Earth has been a home for many types of species. Its flourishing forests and oceans are sustainable living conditions for many animals; however, as the years progress, this beautiful planet continues to be flooded with trash.

Research done by Smithsonian suggests that in 2025, the amount of garbage produced by humans will grow from three to six billion tons per day. Records show that the amount of waste will reach an ultimate high at the turn of the 22nd century at 11 tons per day. 

Common areas known as landfills hold waste deep under the surface of Earth. The piling mountains of trash, which release CO2 and methane, directly impact global warming and climate change, which puts Earth in danger of more natural disasters such as flooding and hurricanes. There will also be an increase in rapid temperature changes and a shift in seasons.

However, there is a solution to these global issues: proper waste disposal.

Tasks as simple as composting and recycling waste can eventually slow down the detrimental effects of the overall waste consumption which affects landfills on the Earth. Sources suggest that with more population growth, the development of waste will also reach a substantial amount. Another factor is rapid industrial and urban growth within cities, and countries haven’t found a way to deal with the amount of hazardous waste that is produced.

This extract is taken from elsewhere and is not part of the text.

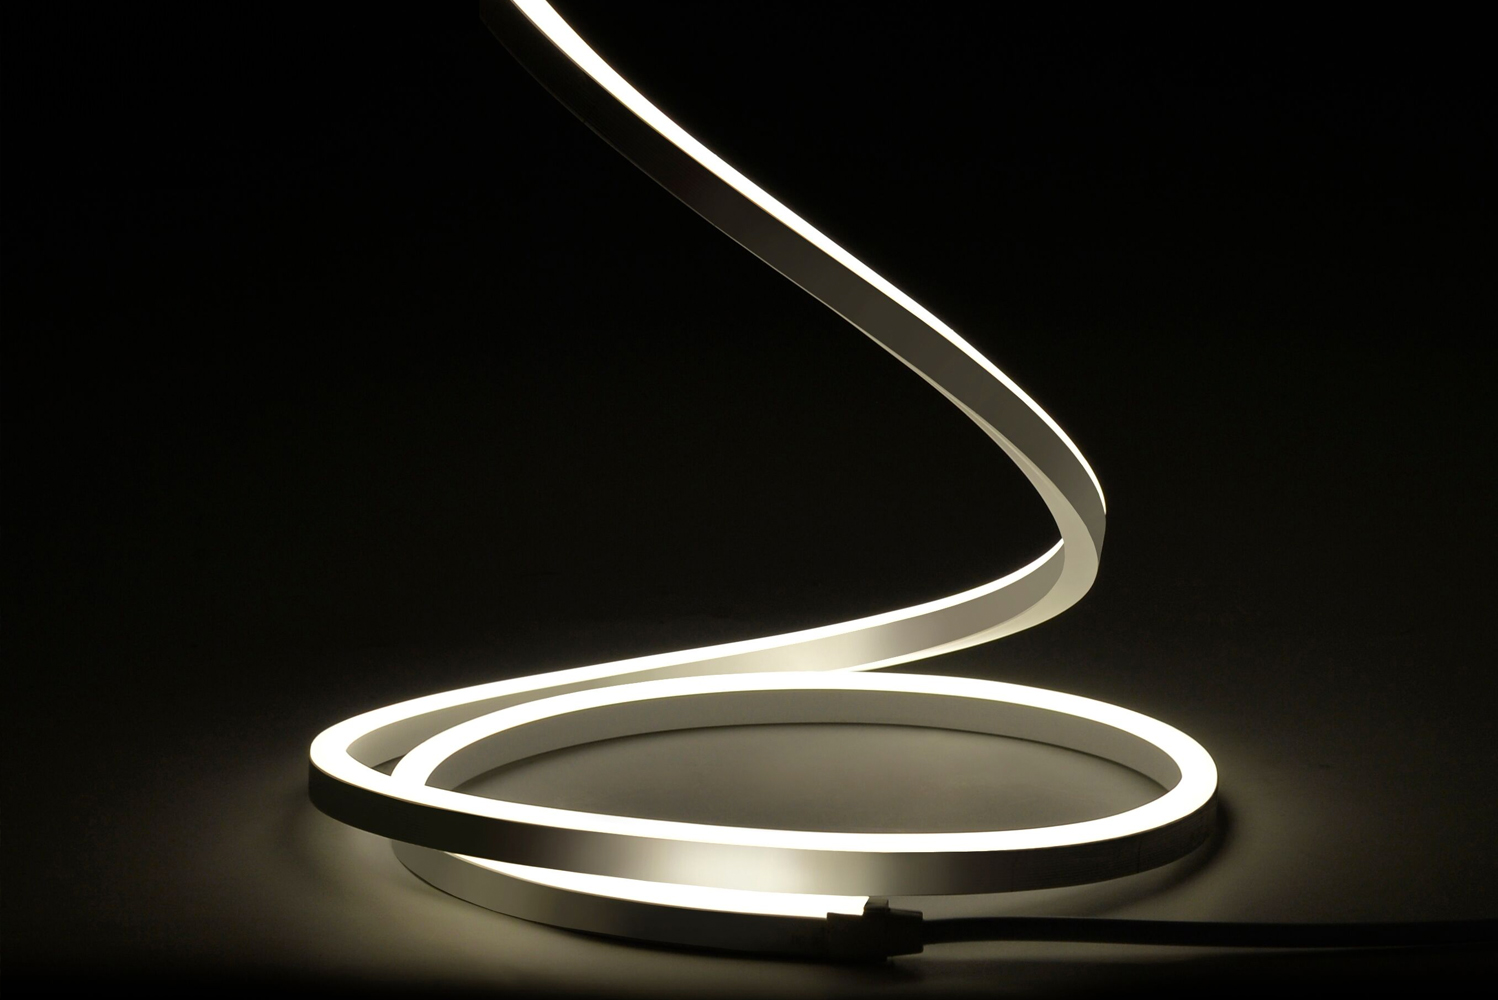 Feelux Lighting launched the FLXible Neon

This is solved through the use of compost bins, which are used for depositing food waste, and recycling bins, which reduce the need for raw materials.

Changing the waste disposal process of the whole world is a much larger task which would need the cooperation of the world to achieve. Starting in schools might be a simpler process. 

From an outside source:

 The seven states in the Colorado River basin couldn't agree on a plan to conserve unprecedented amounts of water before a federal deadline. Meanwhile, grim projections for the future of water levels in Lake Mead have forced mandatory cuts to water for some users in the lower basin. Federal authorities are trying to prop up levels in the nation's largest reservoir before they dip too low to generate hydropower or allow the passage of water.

According to a study done by New York’s Department of Environmental Conservation, schools all over America produce about 48 to 90 tons of waste per day. Not only is this bad for the environment, but it is also not cost-efficient.

Many schools are left in the dark about this budding issue. Kids do not realize how bad this problem will be in the future. Due to the gravity of the Earth’s environmental situation, paying more attention to saving the planet by reducing waste and finding ways to solve this problem could help future generations.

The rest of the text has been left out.